» **TASK STATEMENT**
All of the data that follows should be given again exactly, without its images.

» **DATA PROVIDED**
####################

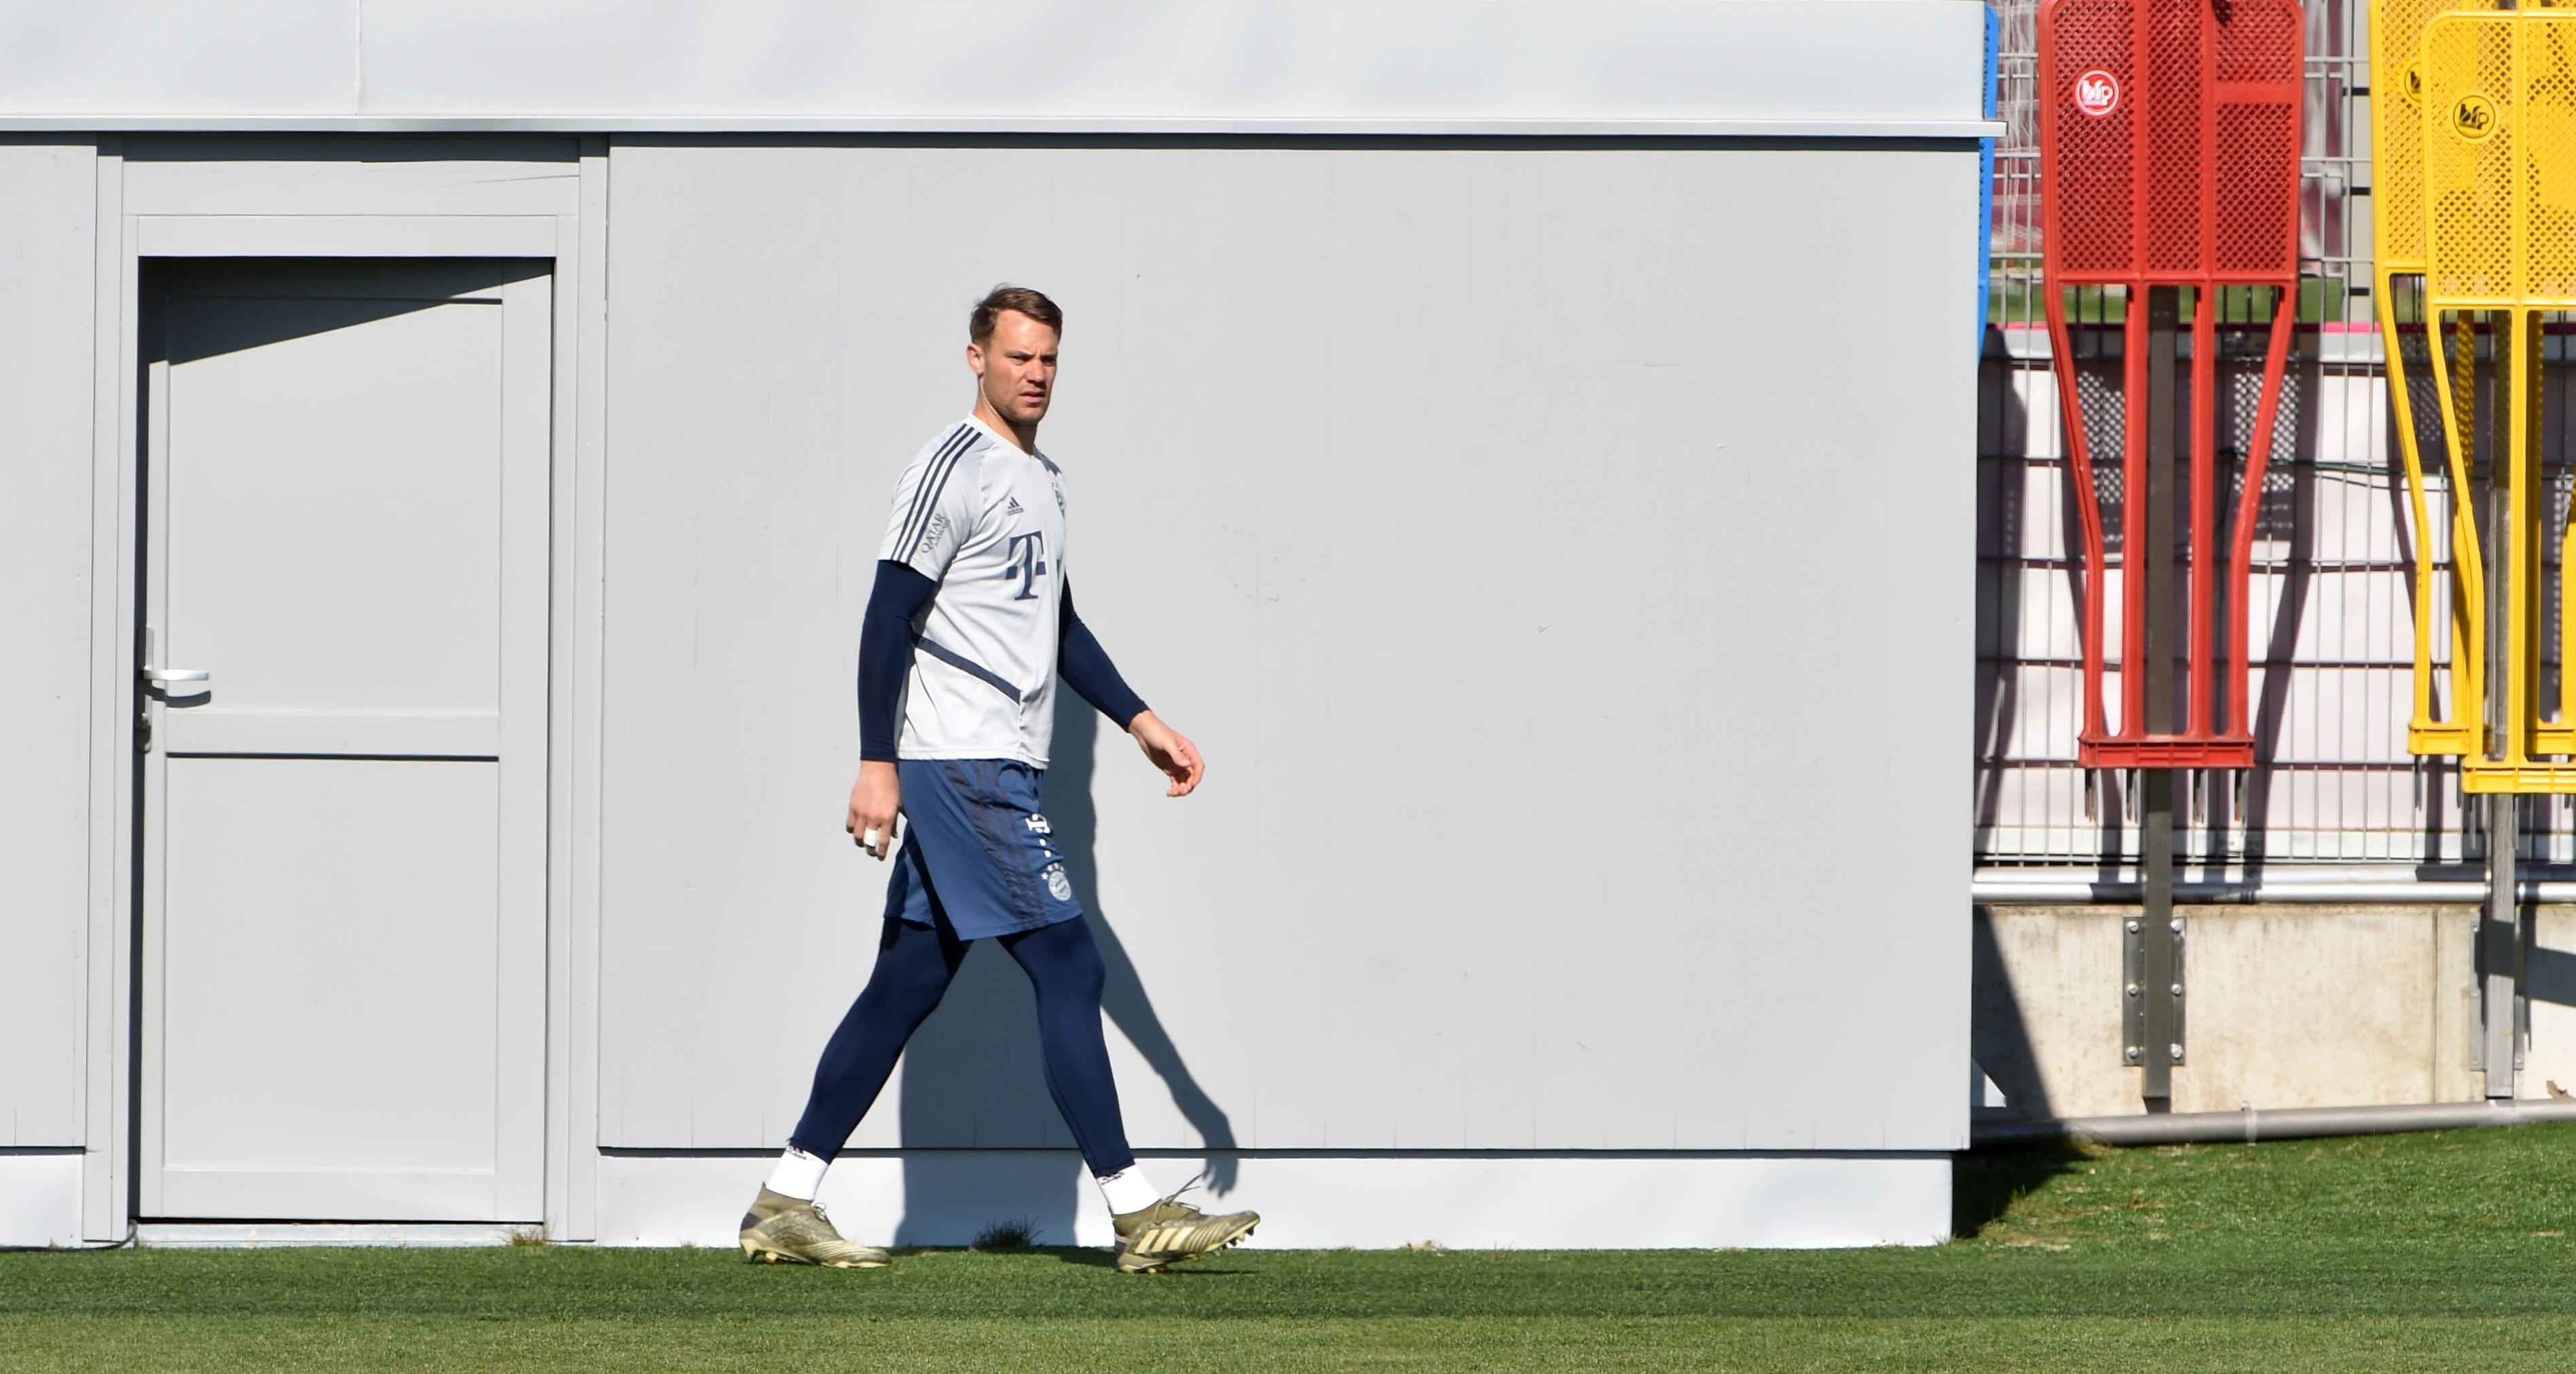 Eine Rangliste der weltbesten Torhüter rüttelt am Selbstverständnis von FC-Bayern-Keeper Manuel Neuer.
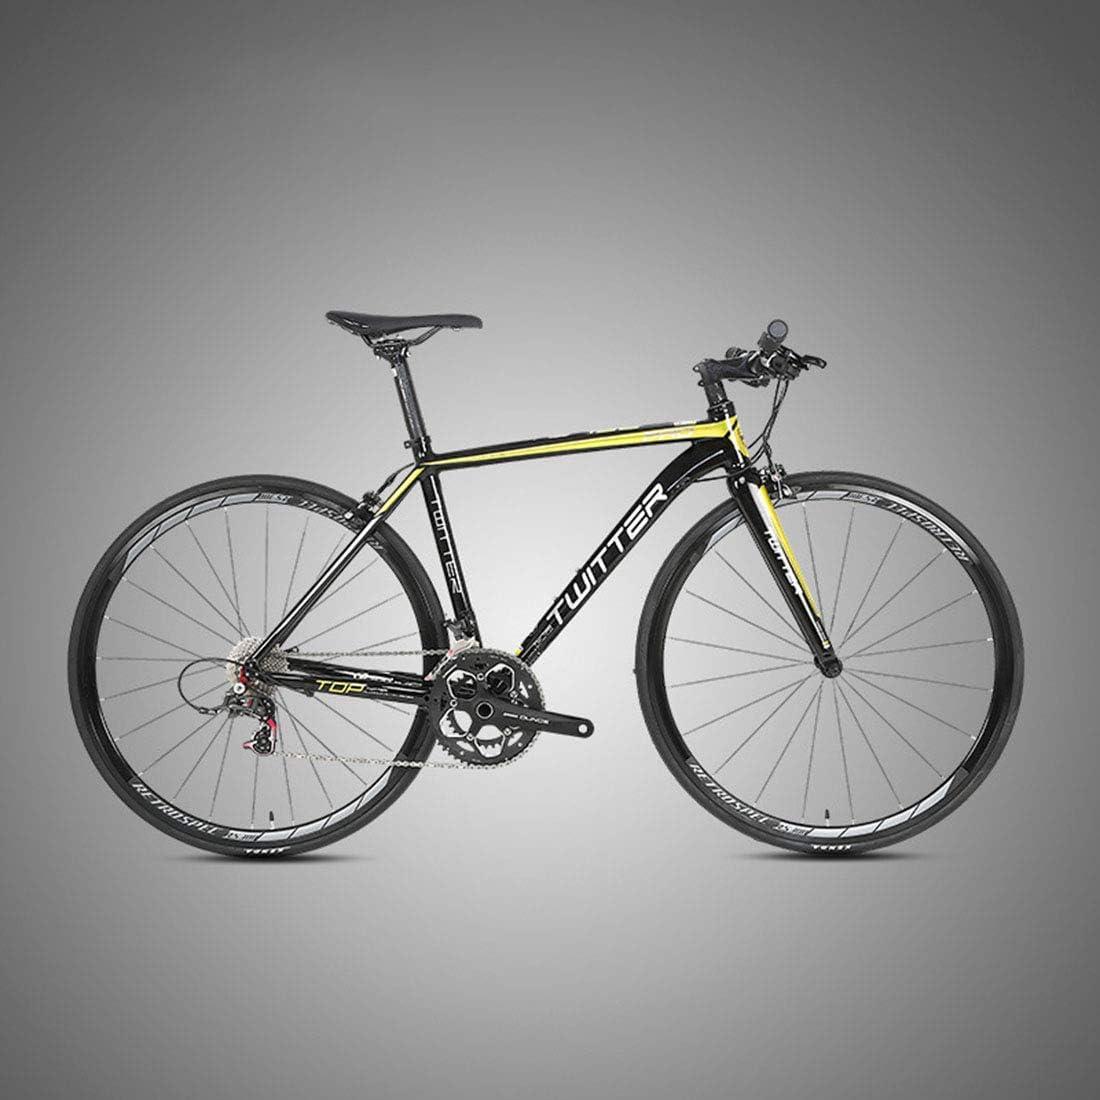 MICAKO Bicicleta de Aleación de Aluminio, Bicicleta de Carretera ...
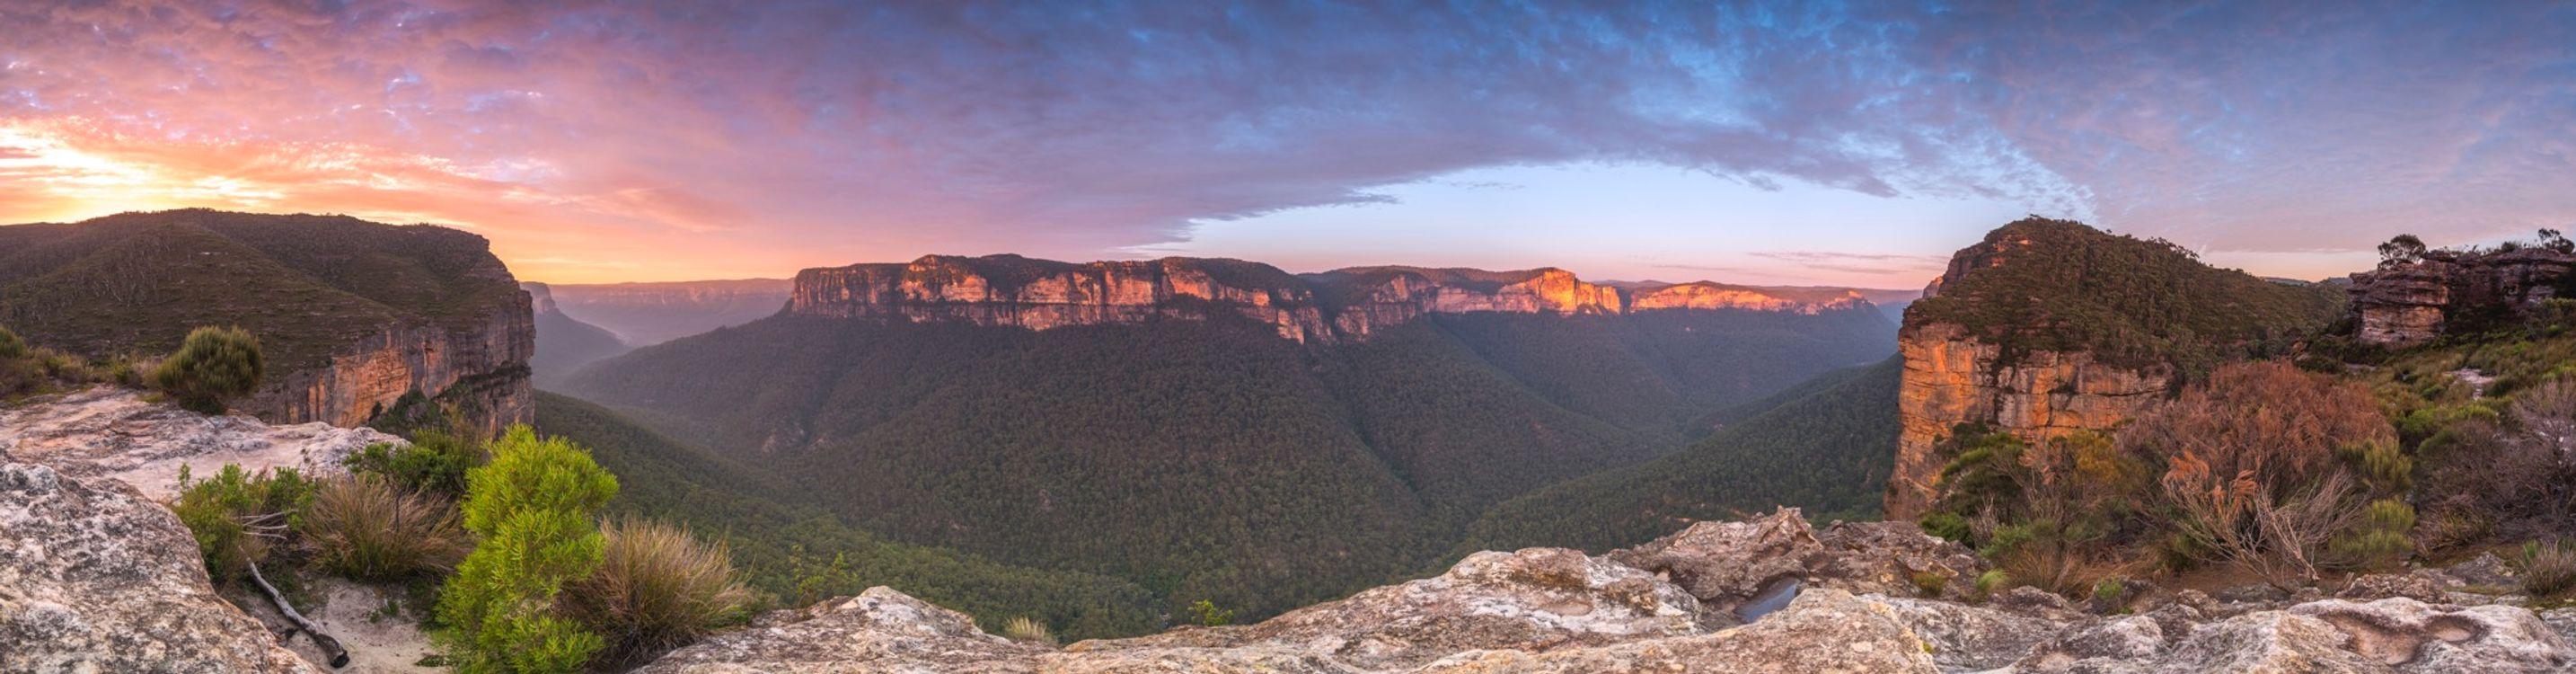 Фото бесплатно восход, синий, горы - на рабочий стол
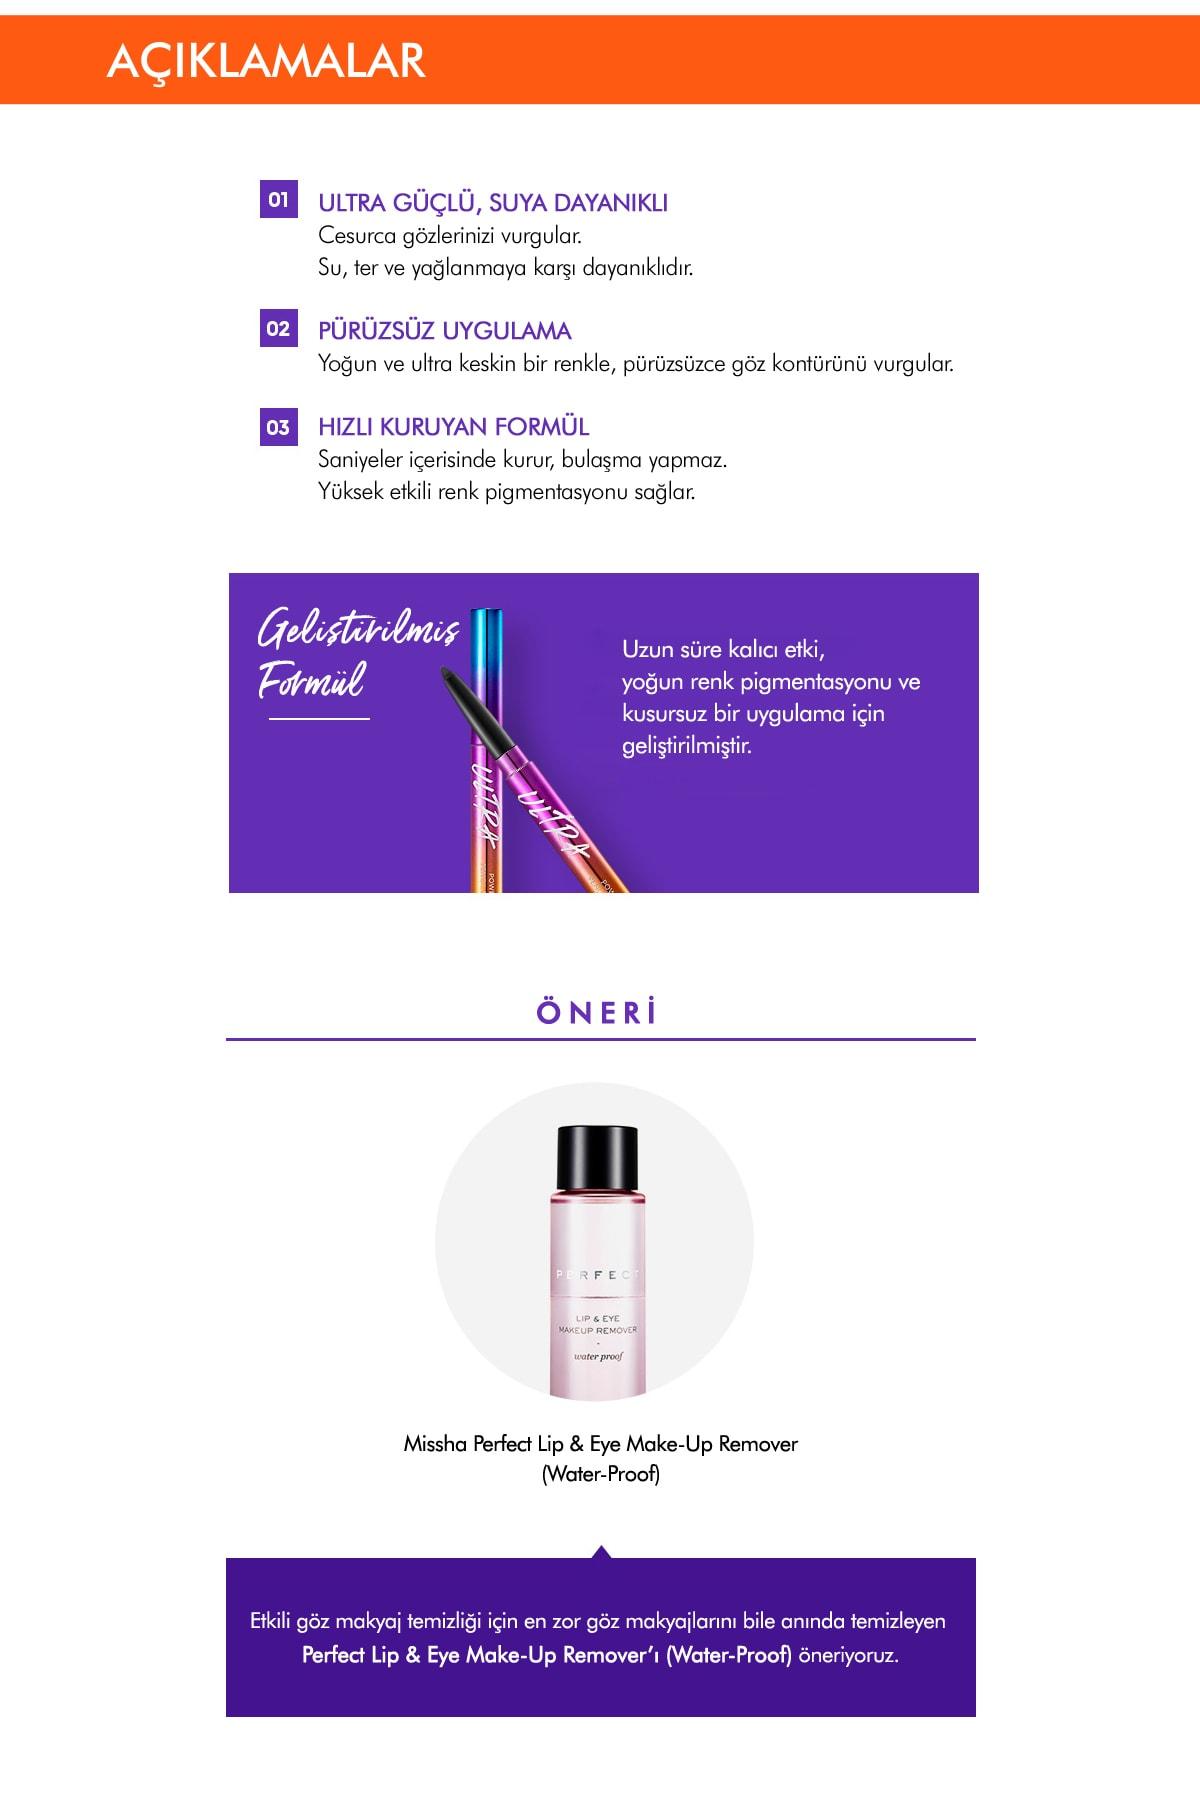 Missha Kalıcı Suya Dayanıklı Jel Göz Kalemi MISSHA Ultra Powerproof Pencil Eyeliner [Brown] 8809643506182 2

####################

» **ANSWER BOX**
 Eine Rangliste der weltbesten Torhüter rüttelt am Selbstverständnis von FC-Bayern-Keeper Manuel Neuer.
 MICAKO Bicicleta de Aleación de Aluminio, Bicicleta de Carretera ...
 Фото бесплатно восход, синий, горы - на рабочий стол
 Missha Kalıcı Suya Dayanıklı Jel Göz Kalemi MISSHA Ultra Powerproof Pencil Eyeliner [Brown] 8809643506182 2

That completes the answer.